Please repeat, from the entries that follow, the lines from the one containing "Стали відомі подробиці" through the one containing "Fiesta Navidad Movistar 2012" exactly, adding nothing.

▶ _Record set_:
[Start of section]

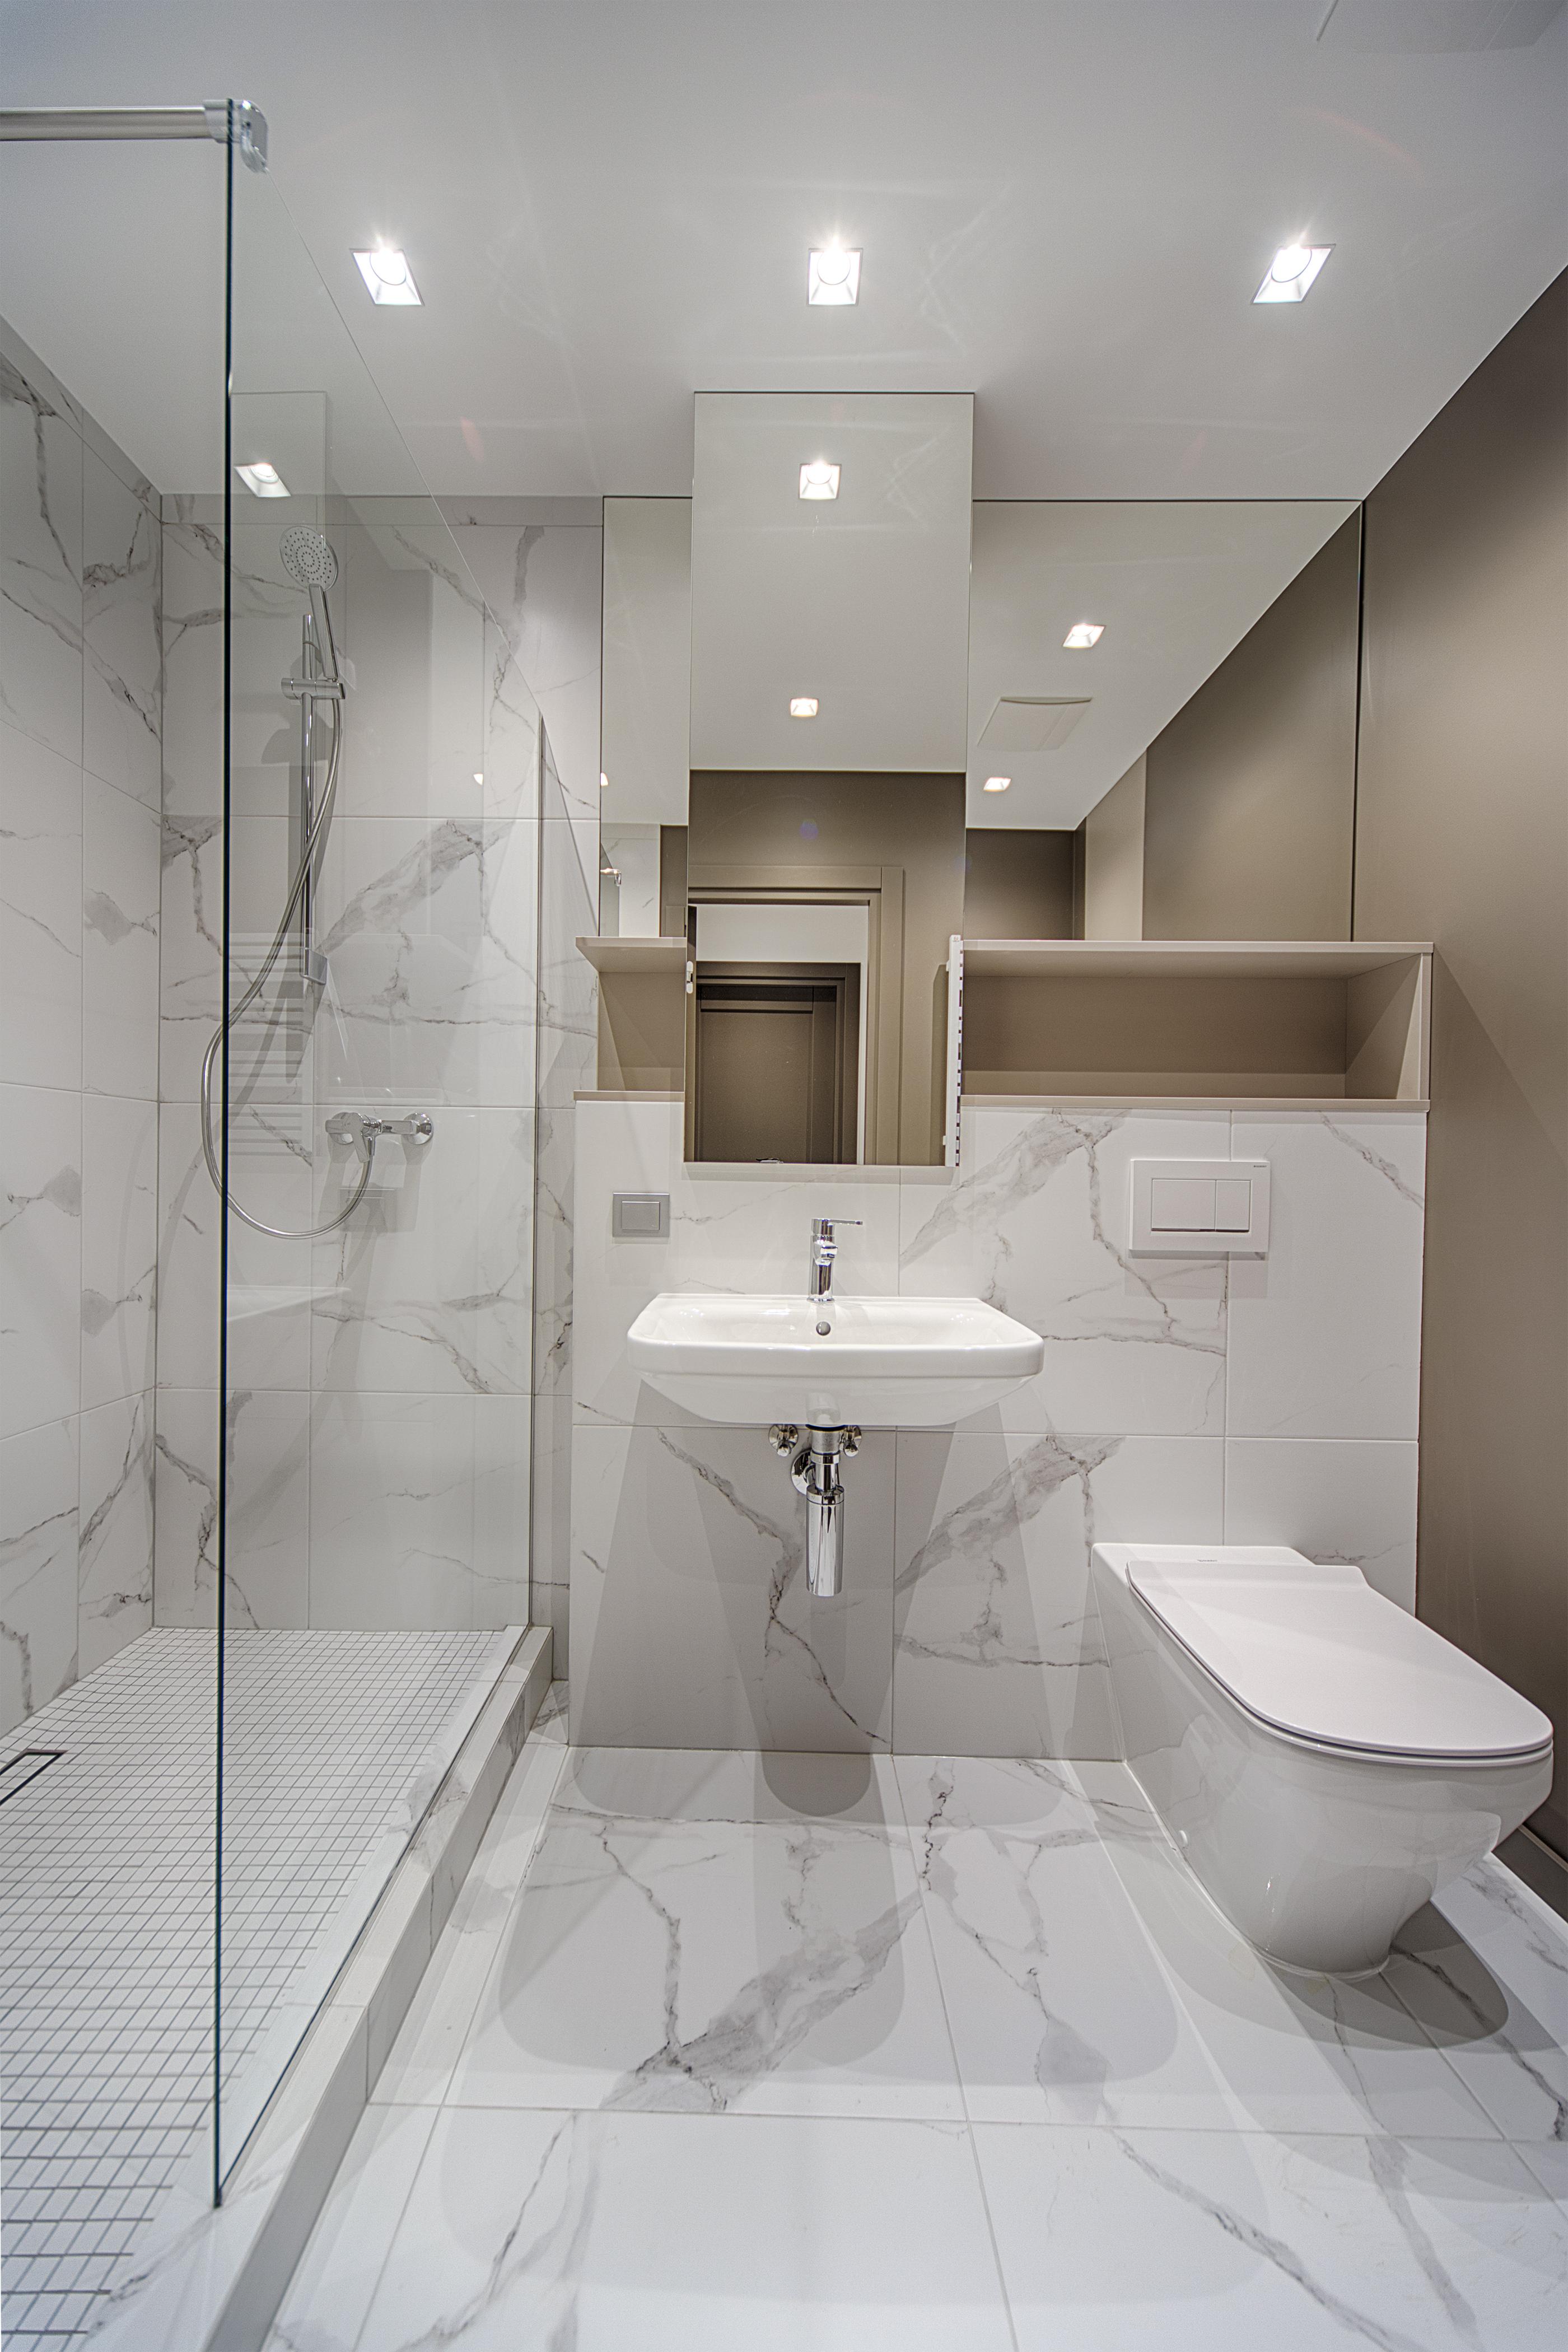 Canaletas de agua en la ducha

[End of section]
[Start of section]

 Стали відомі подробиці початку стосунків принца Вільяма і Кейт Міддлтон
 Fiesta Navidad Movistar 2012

[End of section]

▶ _Solution_:
 Стали відомі подробиці початку стосунків принца Вільяма і Кейт Міддлтон
 Fiesta Navidad Movistar 2012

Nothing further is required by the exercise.